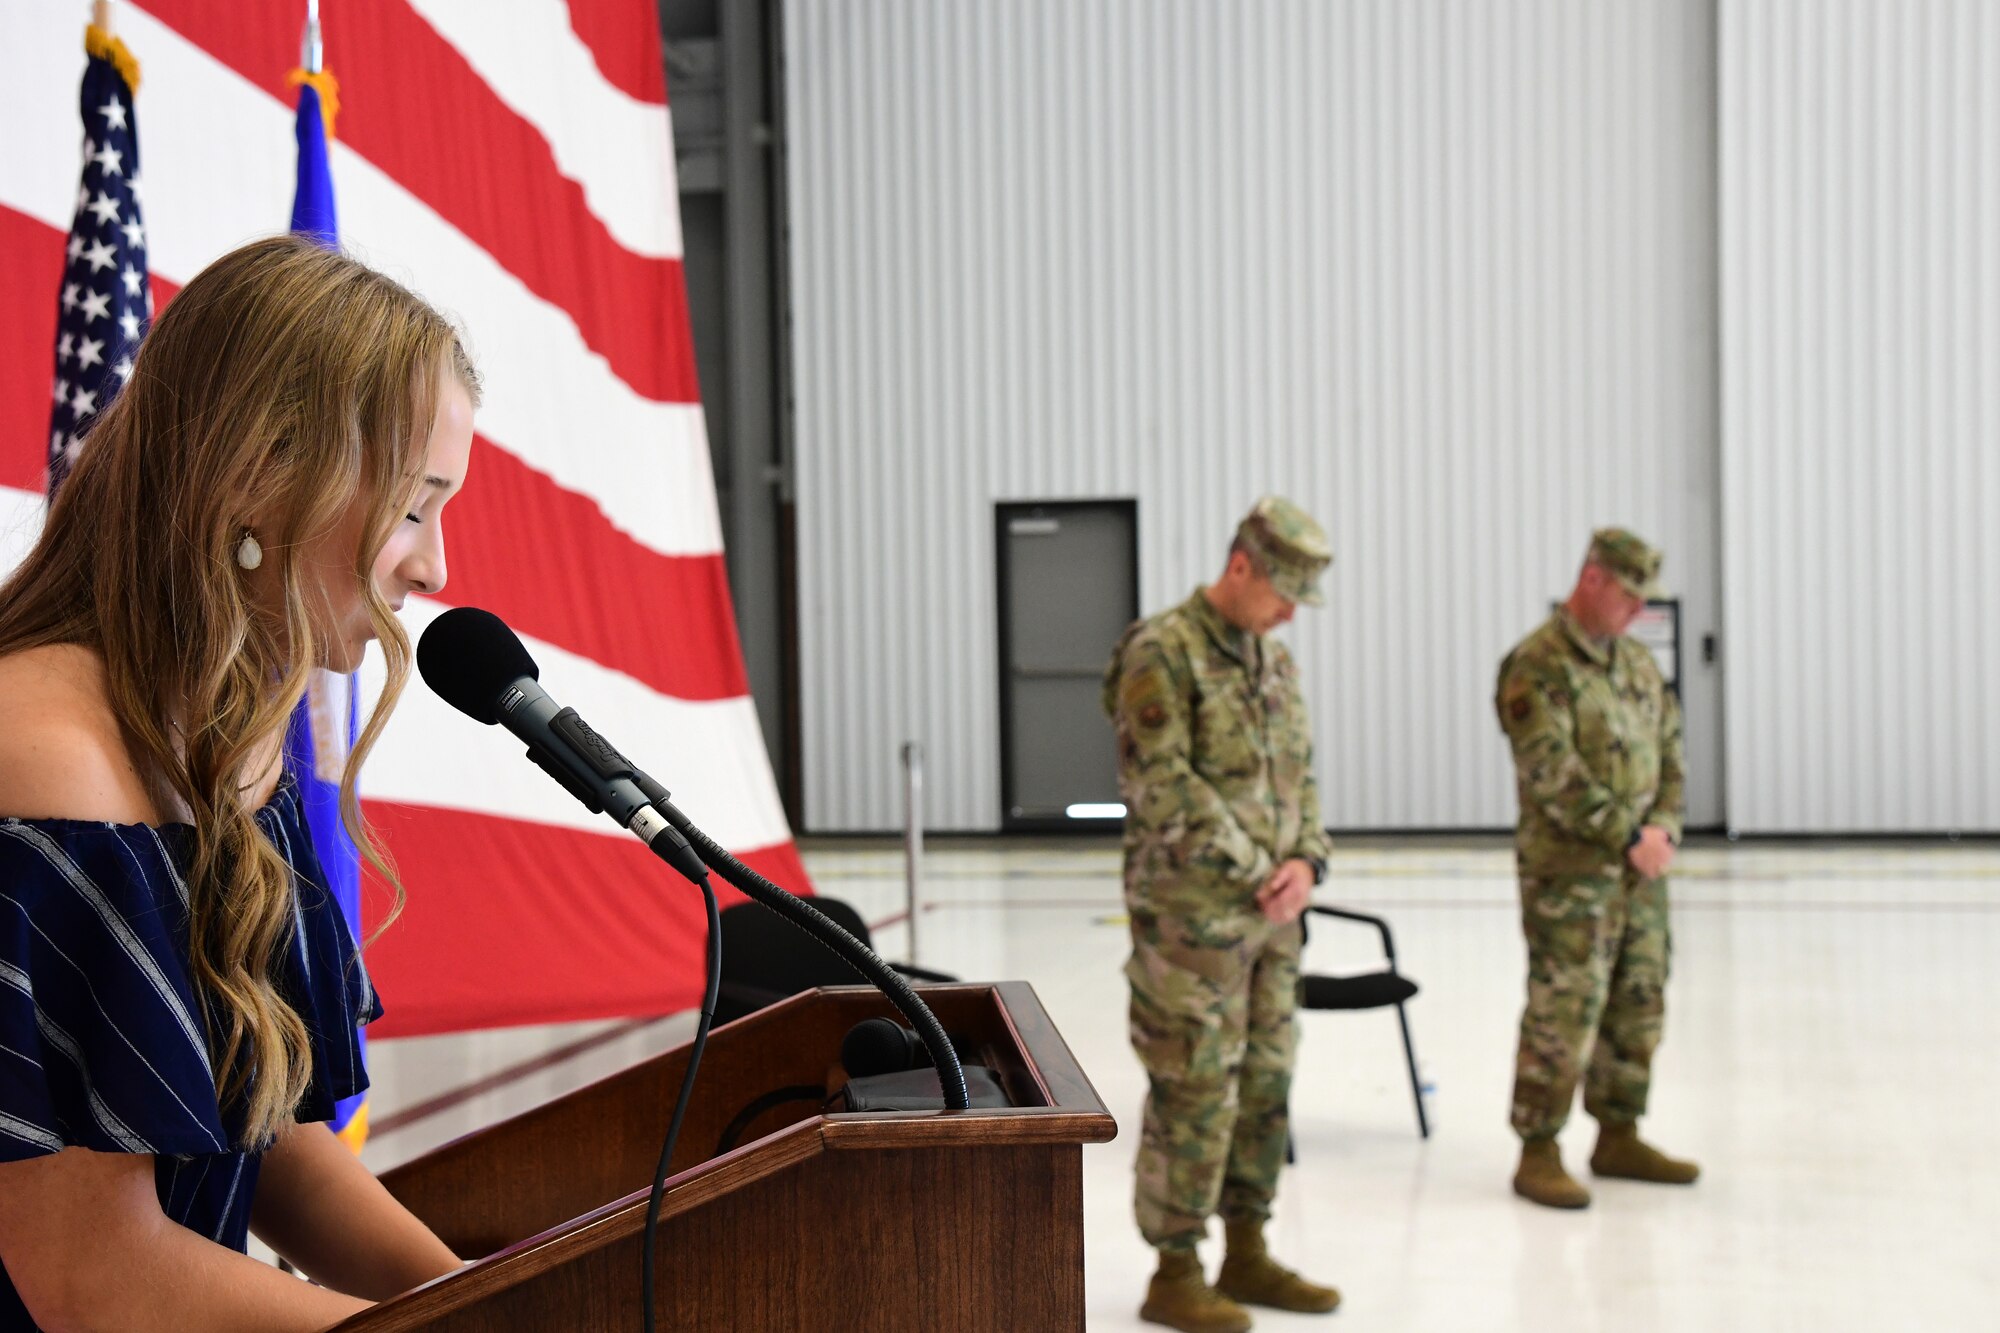 Emma Kirk gives the invocation for her father, Lt. Col. Michael Kirk, 926th Security Forces Squadron, Assumption of Command ceremony, July 24, 2020, Nellis Air Force Base, Nevada. The Assumption of Command ceremony was modified to honor heritage while maintaining current social distancing guidelines. (U.S. Air Force photo by Natalie Stanley)
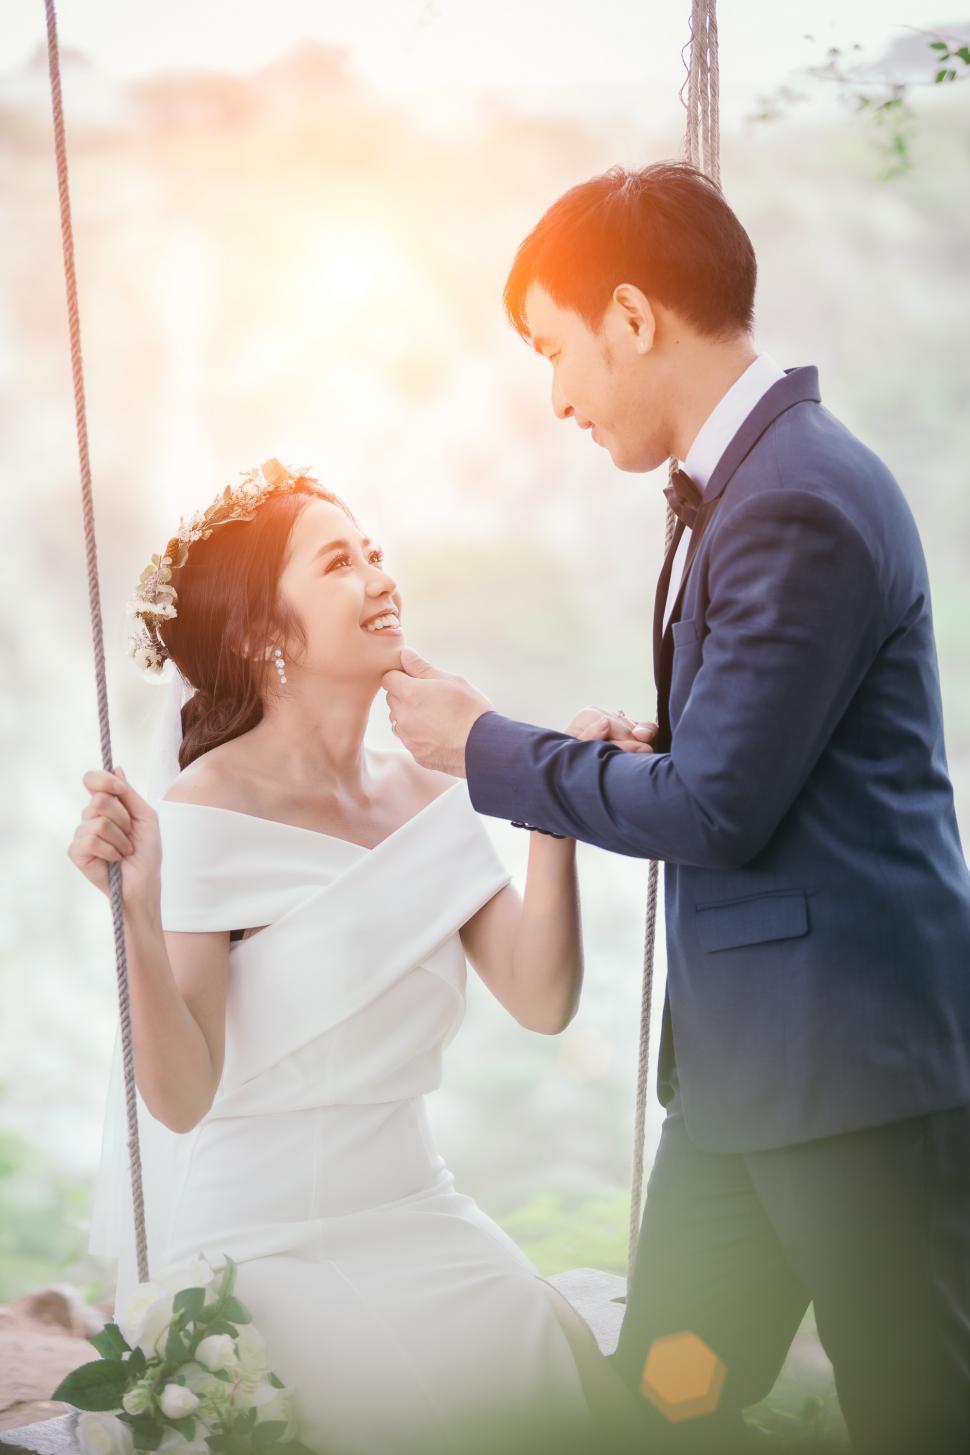 Free Image of Beautiful wedding couple in outdoor setting 
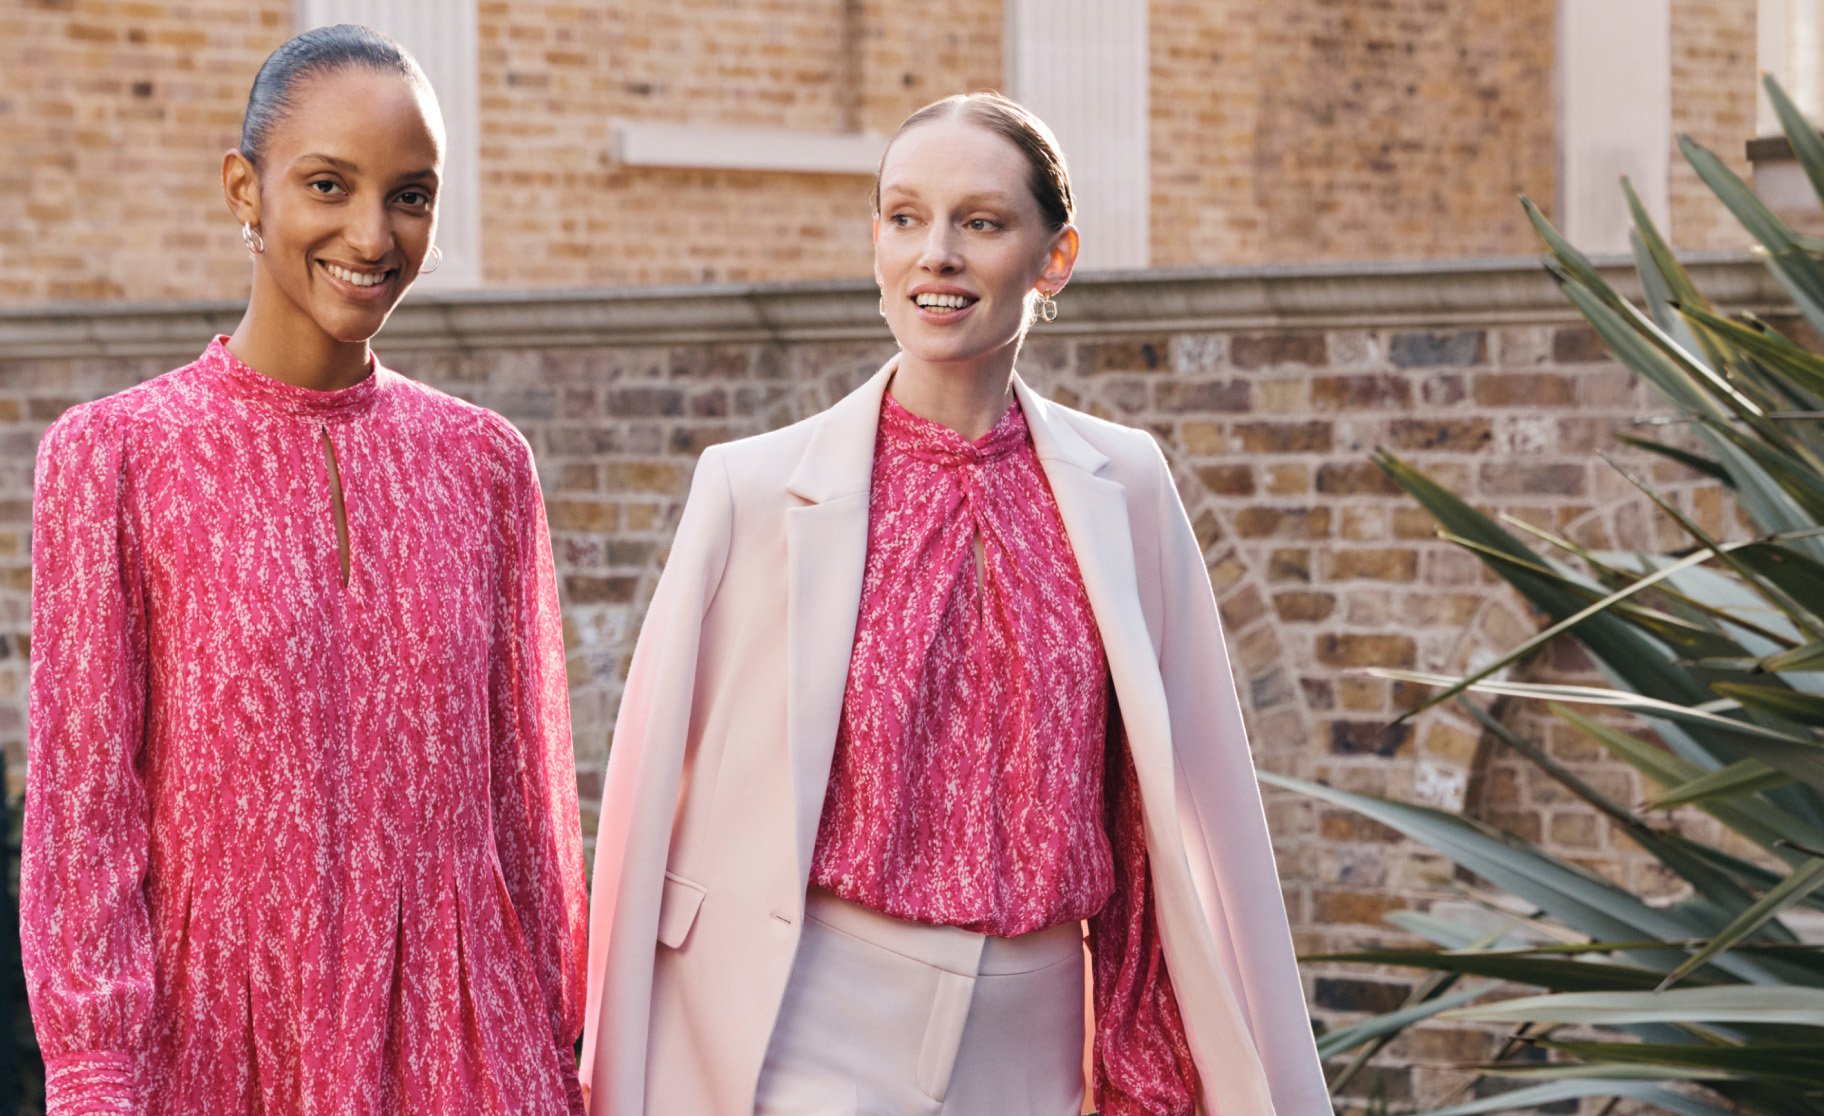 Image of two models arriving at a wedding reception wearing occasion outfits.
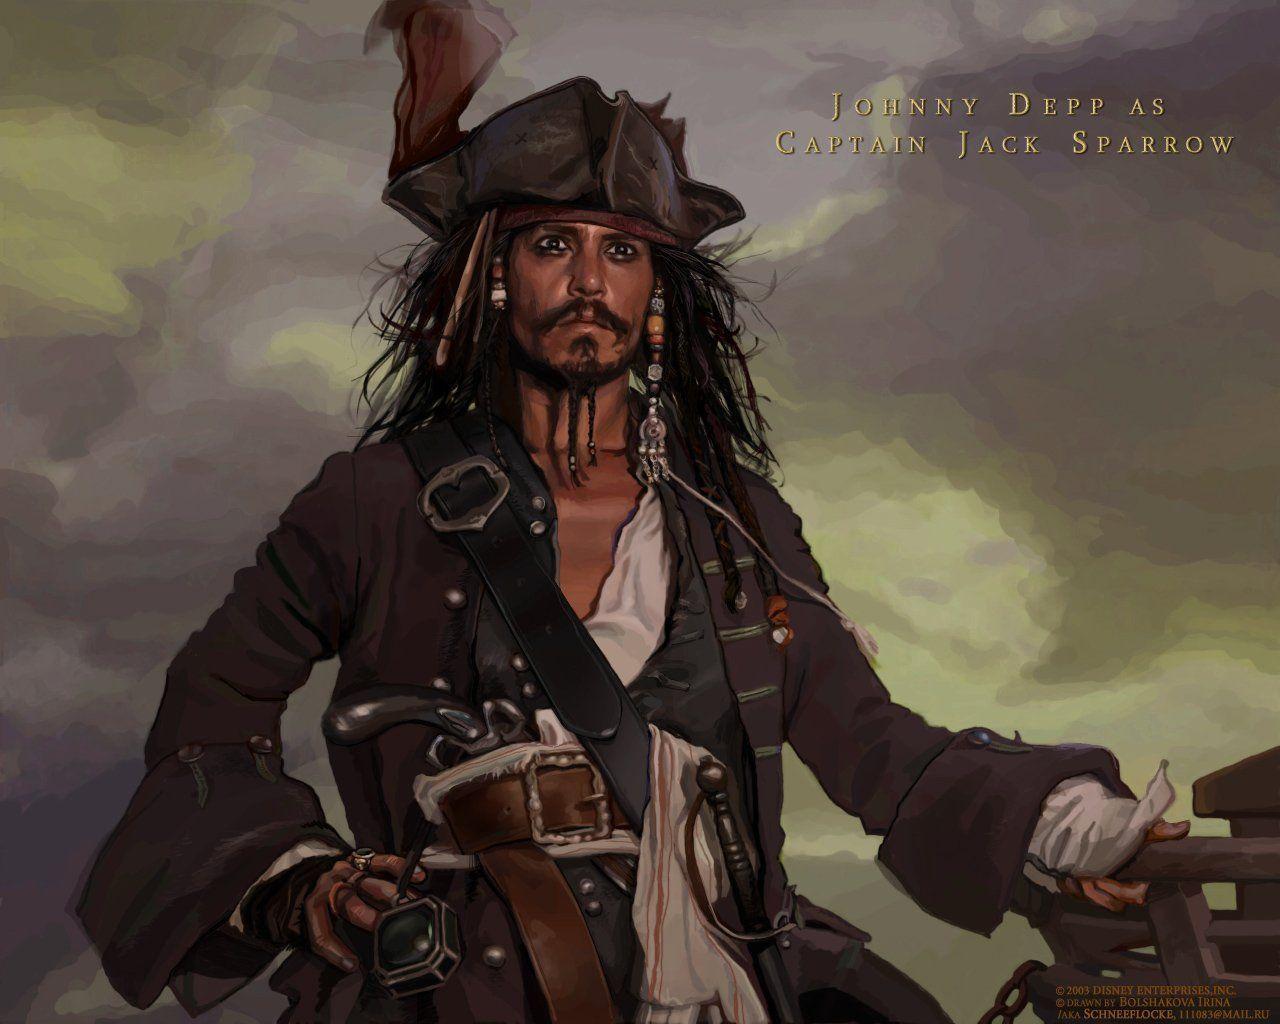 Pirates Of The Caribbean HD Wallpaper. Background

• [Problem]
Could you give back the full listing word for word, leaving out the images?

• [Answer box]
 Emma Kirk gives the invocation for her father, Lt. Col. Michael Kirk, 926th Security Forces Squadron, Assumption of Command ceremony, July 24, 2020, Nellis Air Force Base, Nevada. The Assumption of Command ceremony was modified to honor heritage while maintaining current social distancing guidelines. (U.S. Air Force photo by Natalie Stanley)
 Free Image of Beautiful wedding couple in outdoor setting 
 Image of two models arriving at a wedding reception wearing occasion outfits.
 Pirates Of The Caribbean HD Wallpaper. Background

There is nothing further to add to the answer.